L’Inde dispose de la base de données biométriques nationale la plus importante au monde. C’est ce qu’on appelle l’Aadhaar. Cependant, les forces de l’ordre n’ont pas le droit d’y accéder. La base de données biométriques nationale de Taiwan comprend, elle, toutes les photos d’identité des citoyens. La technologie de reconnaissance faciale y est utilisée par la police. En raison de l’absence d’empreintes digitales dans la base de données, le pays évite un score « extrême » comme l’Indonésie.

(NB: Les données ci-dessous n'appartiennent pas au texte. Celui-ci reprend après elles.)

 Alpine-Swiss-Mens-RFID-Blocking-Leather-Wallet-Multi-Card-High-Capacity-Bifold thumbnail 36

40 millions d’empreintes digitales
En 2020, le Entry/Exit System sera mis en oeuvre au sein de l’UE dans le cadre de l’accord de Schengen. Il crée une vaste base de données biométriques couvrant 28 pays. Les autorités de chaque pays membre y auront accès. Cette base de données s’ajoute à d’autres bases de données partagées entre les pays membres de l’espace Schengen, notamment le système d’information sur les visas (VIS), qui contient déjà plus de 60 millions de demandes de visas et 40 millions de paires d’empreintes digitales. La Bulgarie, Chypre, le Royaume-Uni, la Roumanie et l’Irlande ne sont pas membres de l’accord de Schengen, mais des pourparlers sont en cours pour leur adhésion. En outre, la position du Royaume-Uni pourrait changer après le Brexit.

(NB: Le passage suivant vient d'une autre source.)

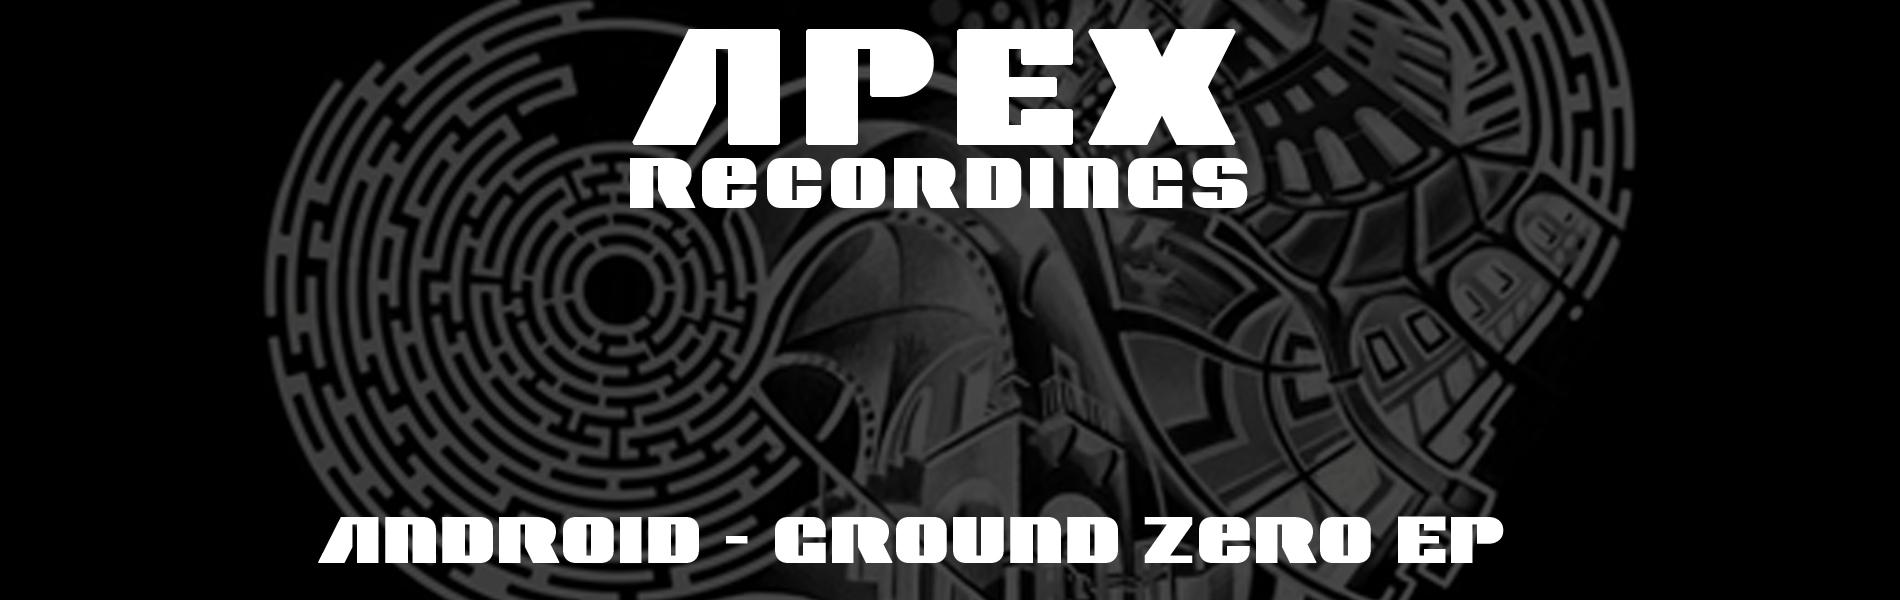 Apex-20-Slide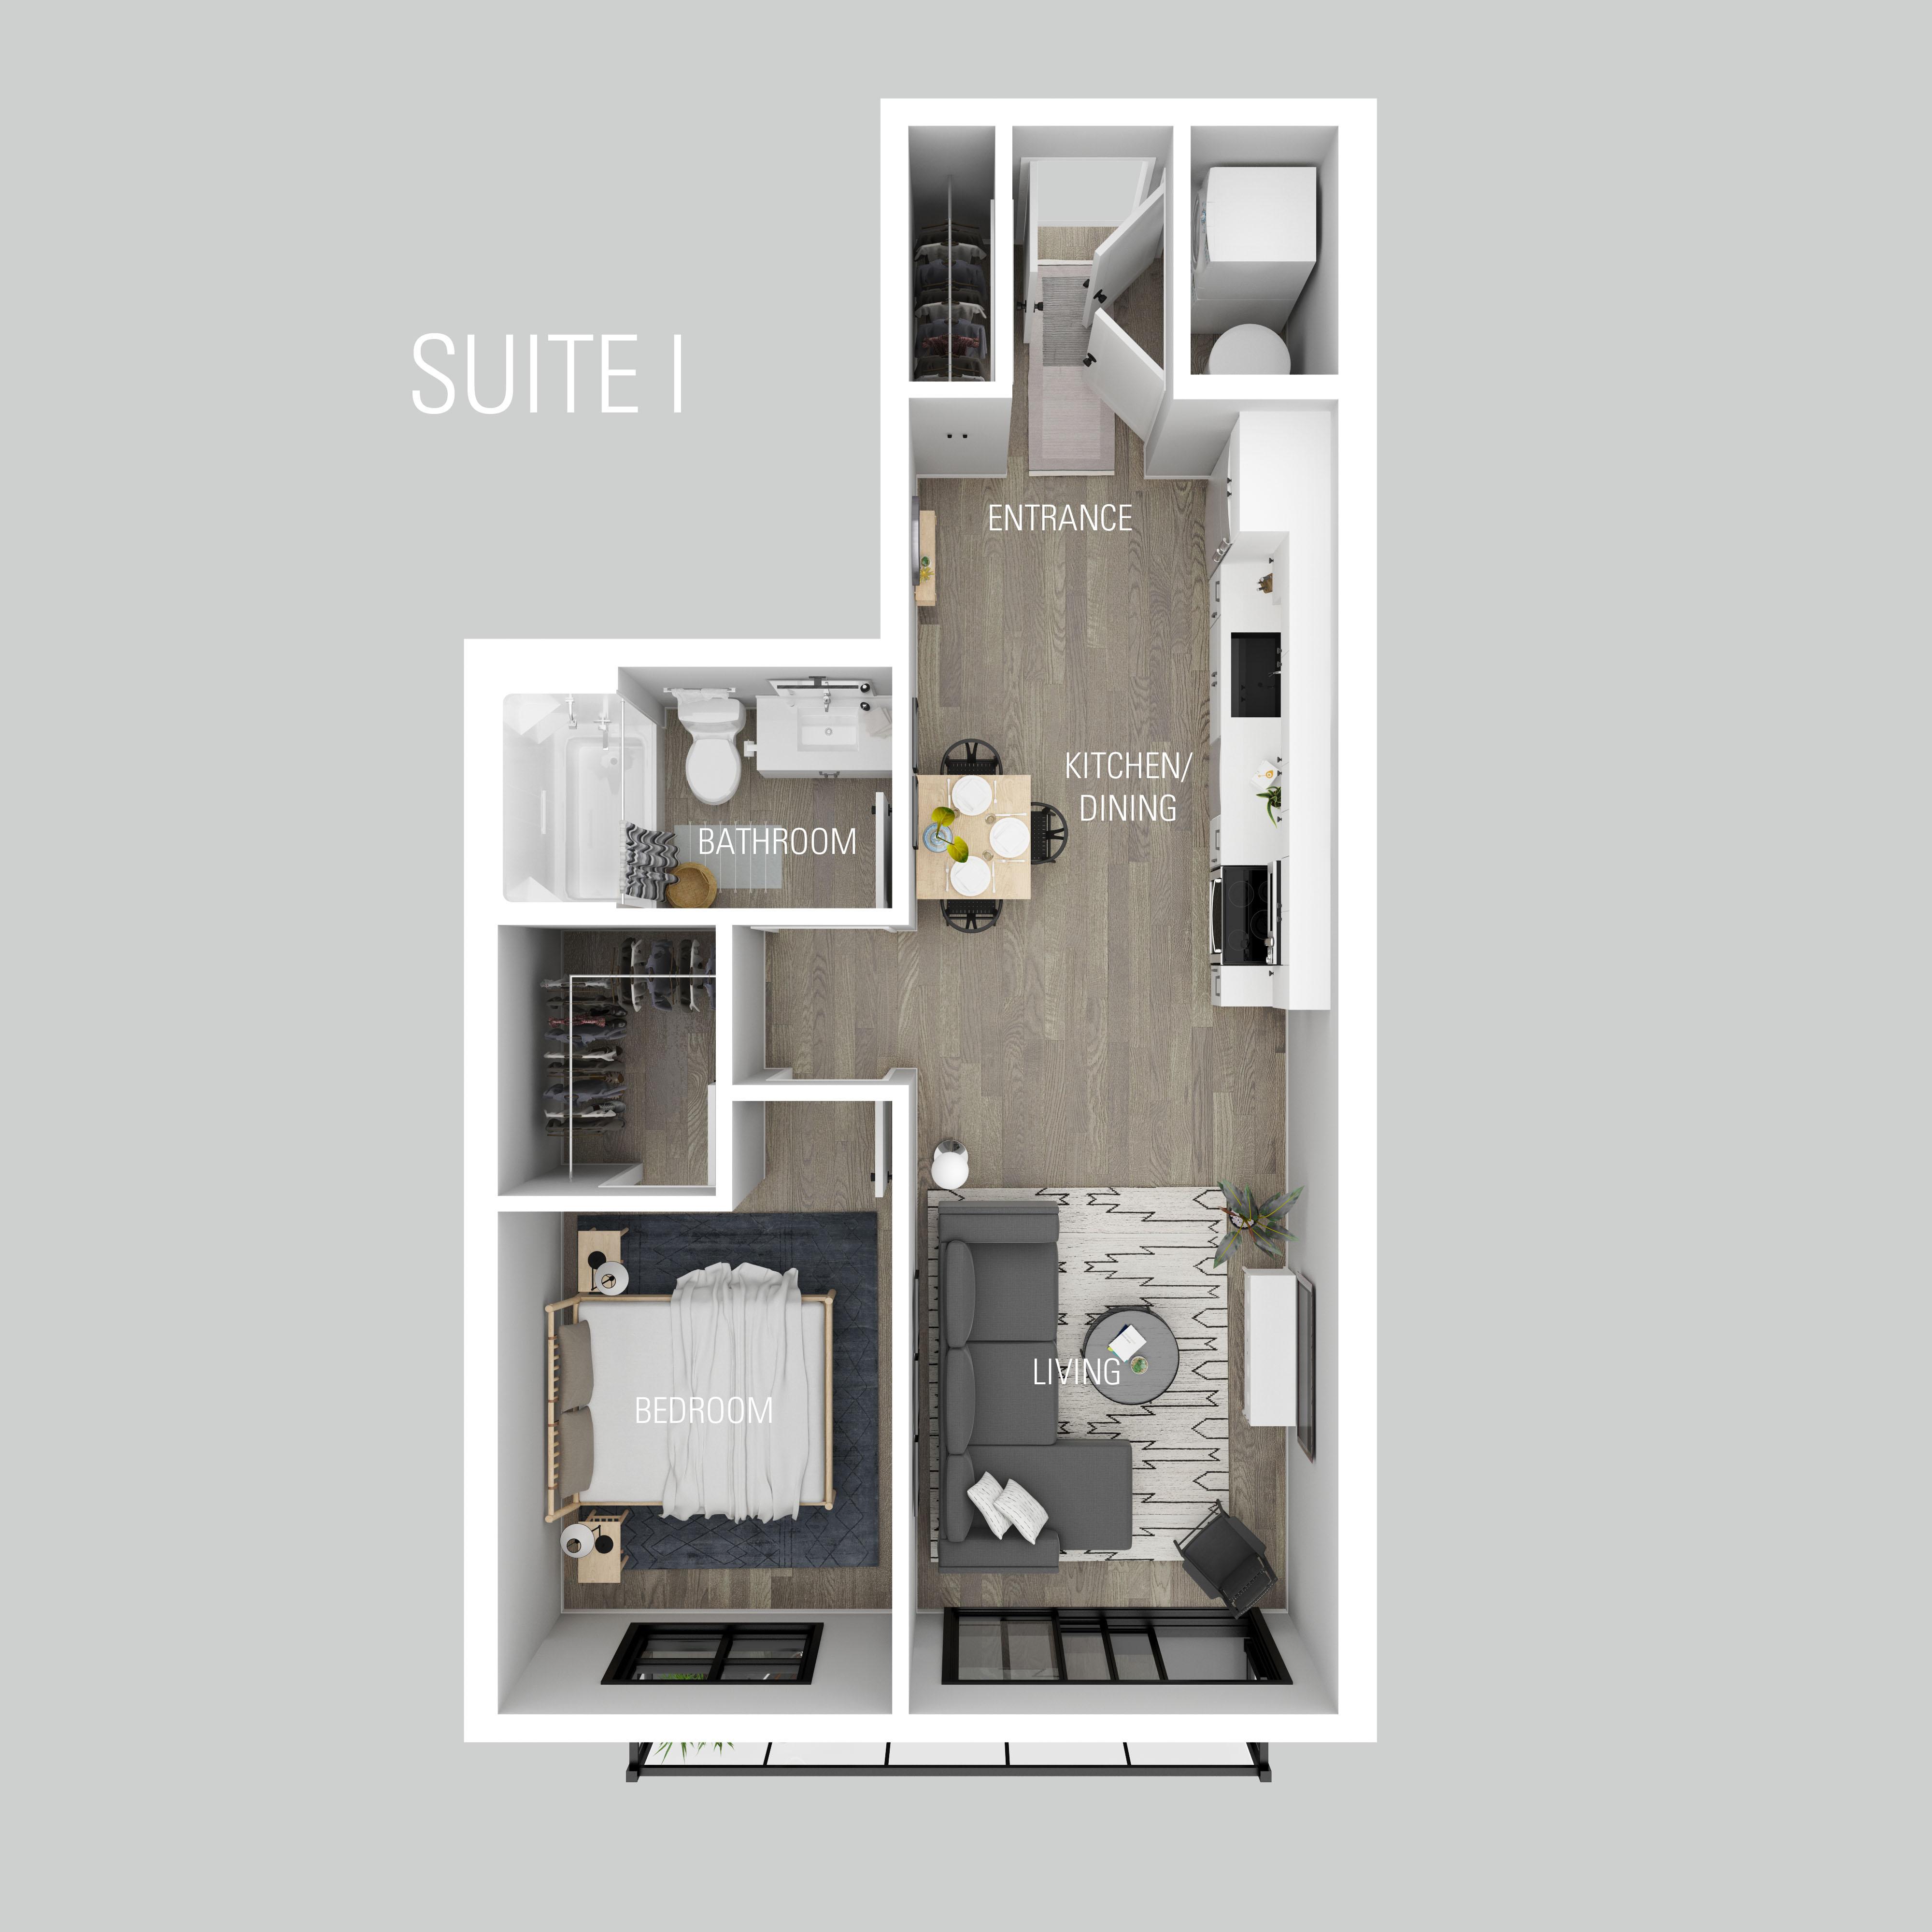 30UC Residence One image

Mise en place d’un « détecteur de mensonges » aux frontières de l’Europe
L’UE vient de terminer les tests d’iBorderCtrl (Intelligent Portable Control System) aux frontières de la Grèce, de la Hongrie et de la Lettonie. Il s’agit d’un test d’un système comparable à un « détecteur de mensonges ». Les voyageurs doivent, entre autres actions, télécharger des photos de leurs visas et passeports avant d’utiliser une webcam pour répondre aux questions d’un garde-frontière virtuel. L’UE a suggéré que ce « détecteur de mensonges » analyserait les gestes des voyageurs pour vérifier si la personne interrogée ment ou non. Tous les voyageurs qui présenteraient un risque élevé doivent alors faire l’objet de contrôles plus détaillés à la frontière. Les fonctionnaires de l’UE espéraient que cette phase d’essai leur permettrait de déployer la technologie à la plupart des frontières de l’UE dans un avenir proche, mais sa mise en oeuvre doit encore être confirmée.